Just days after the letter addressing China’s policies, a group of 37 countries signed a similar letter defending China. The countries in this coalition include regimes who need China’s support for their repressive policies, such as North Korea, Venezuela, and Saudi Arabia. Others, like the Palestinian Authority, have returned favors for previous assistance from Beijing.
Of course, China’s economic largesse factors into the alignment of some states with the unsubstantiated claim that the concentration camps are merely “vocational training centers.” The ethnocide of the Uyghurs is just collateral damage in this cynical game of political bloc-building, and now 50 states backing the concentration camps have ceded any moral high ground in opposing racial and religious discrimination elsewhere.
Cultural Genocide
The framing of China as a leader of “developing” or decolonizing nations is absurd. President Xi Jinping and the Chinese Communist Party represent an ideology that denies liberation and self-determination.

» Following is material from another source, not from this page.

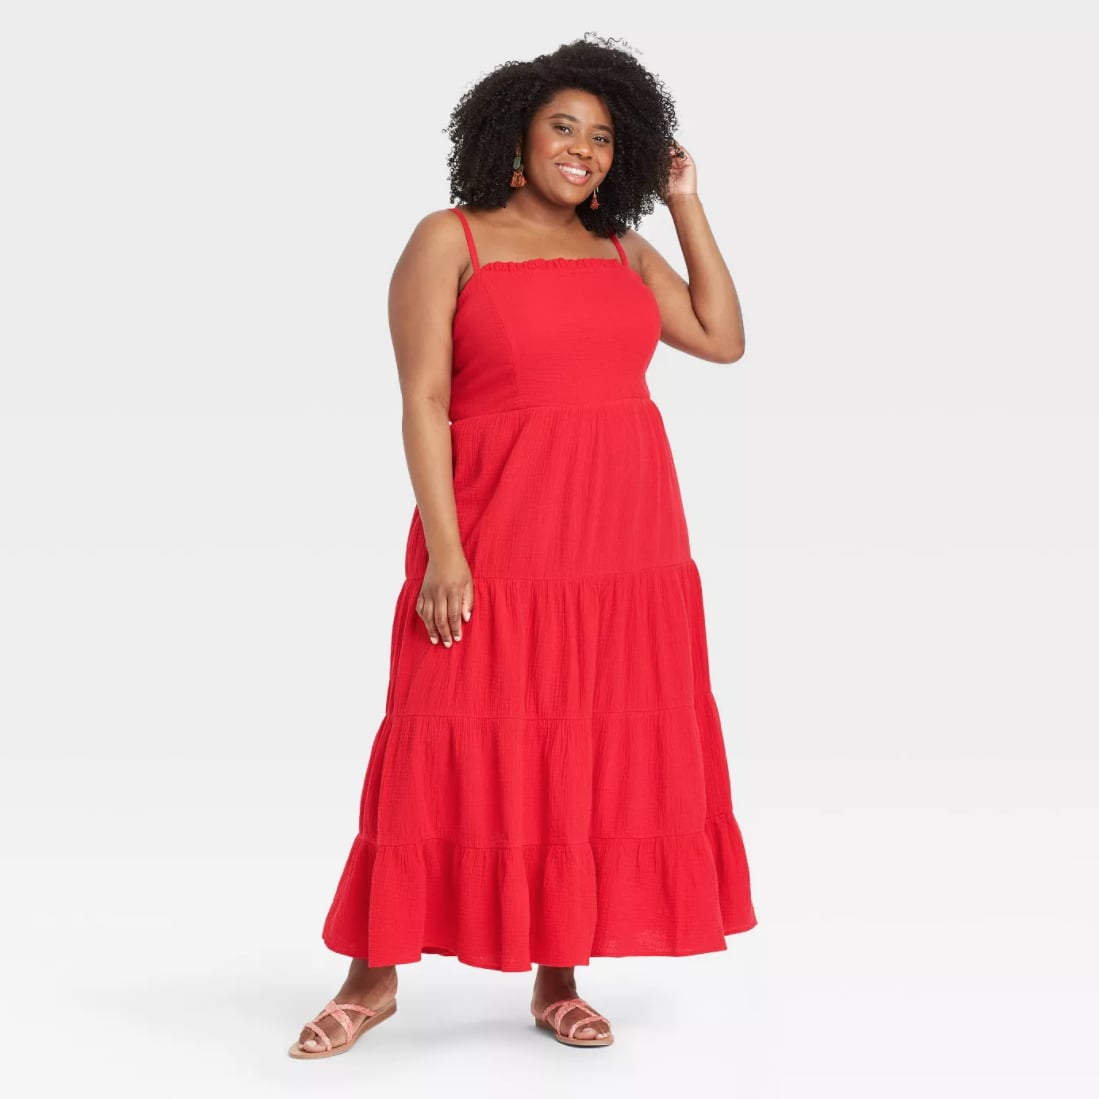 Comfortable Maxi Dress From Target, Editor Review

The parallel cultural genocide occurring in Tibet is evidence of a regime ready to expend its power for political and economic ascendancy at the expense of indigenous people. China is a leader in spreading Islamophobia and ethno-religious discrimination. One merely needs to look at China’s diplomatic corps for further evidence of systemic racism. Therefore, decolonizing states should see the repression of Uyghurs as a struggle against the kind of subjugation and exclusion they have endured.
The general public in many of these states feels differently than their governments. In Indonesia, Malaysia, Kuwait, Russia, Kyrgyzstan, and other countries, ordinary people have spoken out against the internment of the Uyghurs and China’s political and economic domination over East Turkestan.
Uyghurs call on these friends to remind China that the decolonizing world does not endorse Beijing’s Uyghur ethnocide and to pressure their governments to support the closure of the camps.
The plight of the Uyghurs is the plight of all vulnerable people.